20 Completely Arbitrary Rules For Being a Good Dad

http://www.dreamstime.com/stock-photo-father-daughter-beach-little-looking-ocean-morning-image310697201.  Be a dad, as opposed to mom’s helper.

2.  Every dad needs to be able to do an impression of a completely fearsome creature, that can be defeated by a four-year-old.

3.  If you have no clue what to do at home, you’d be surprised how often ordering Chinese food for dinner solves 75% of the problem.

4.  Your kids have a need to be proud of you. That thing that makes them proud, is probably that thing you stopped doing to spend more time with the kids.

5.  Know that the best moments in your kid’s life, are typically preceded by the words, “Don’t tell your mother.”

6.  Accept that you’re probably going to screw up being a dad at some point. All you can do is your best, and hope that one day it was enough, and you’ll be forgiven.

7.  Know that when you were little, your father was totally faking it. He had no clue what he was doing with you. Yet you thought he was amazing.

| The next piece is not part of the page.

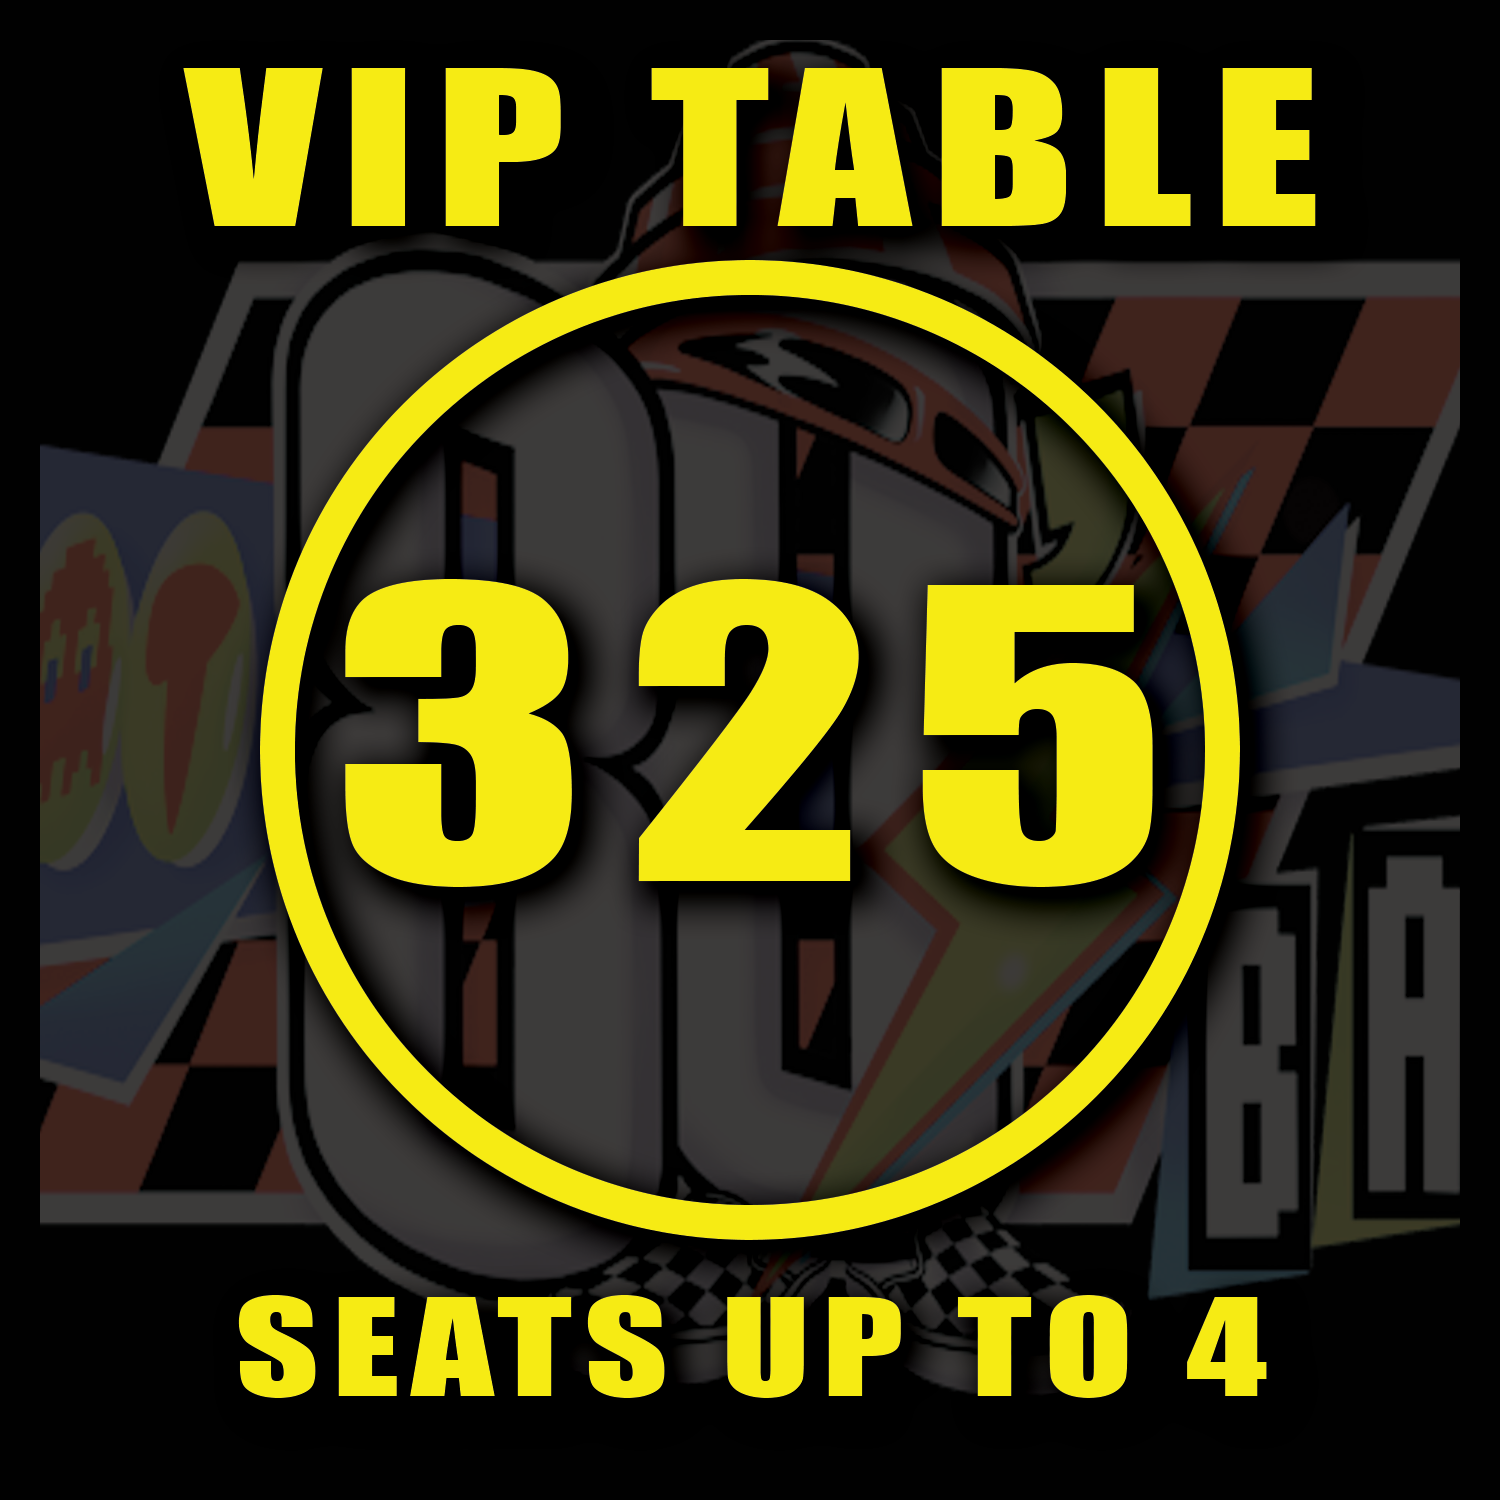 VIP TABLE 325

8.  Small naughty children are like Klingons. Speak to them as such, and they respond so much better. Come here now. Put toys away.

9.  Go to your kids’ parent teacher nights and the other school stuff like their plays and sports events. Yes they can be painfully boring, but you being there is important to them.

10. Part of your job is to let your kids take risks and fail. Life isn’t always fair, or easy, or simple. Sometimes the best teacher is a bad outcome. It’s your job to let them get hurt, but not injured. It’s your job to let them get embarrassed, but not ashamed. It’s your job to let them get anxious, but not fearful.

11. Have a good marriage. In a world of divorce, you’d be surprised how seriously kids appreciate that you’re still together.

12. Show the kids how to do stuff. Almost anything counts.

13. You should treat the kids all the same in a general sense, but different kids have different needs, so you’re going to have to treat them differently too.

14. Play ball inside the house. The kids are more valuable than the things that can be broken.

15. You do a vastly better job at defeating under the bed monsters than mom ever will.

16. Wear the dumb crap they bought you for your birthday, if only during the party.

17. If your kid does something good, put it on display on the fridge. When you take it down, keep it all in a secret stash somewhere.

18. Realize that half the time your kids are hanging out and watching sports with you, or whatever it is you’re into, your kids aren’t really into it. They’re just not opposed to it and are here just to hang out with you.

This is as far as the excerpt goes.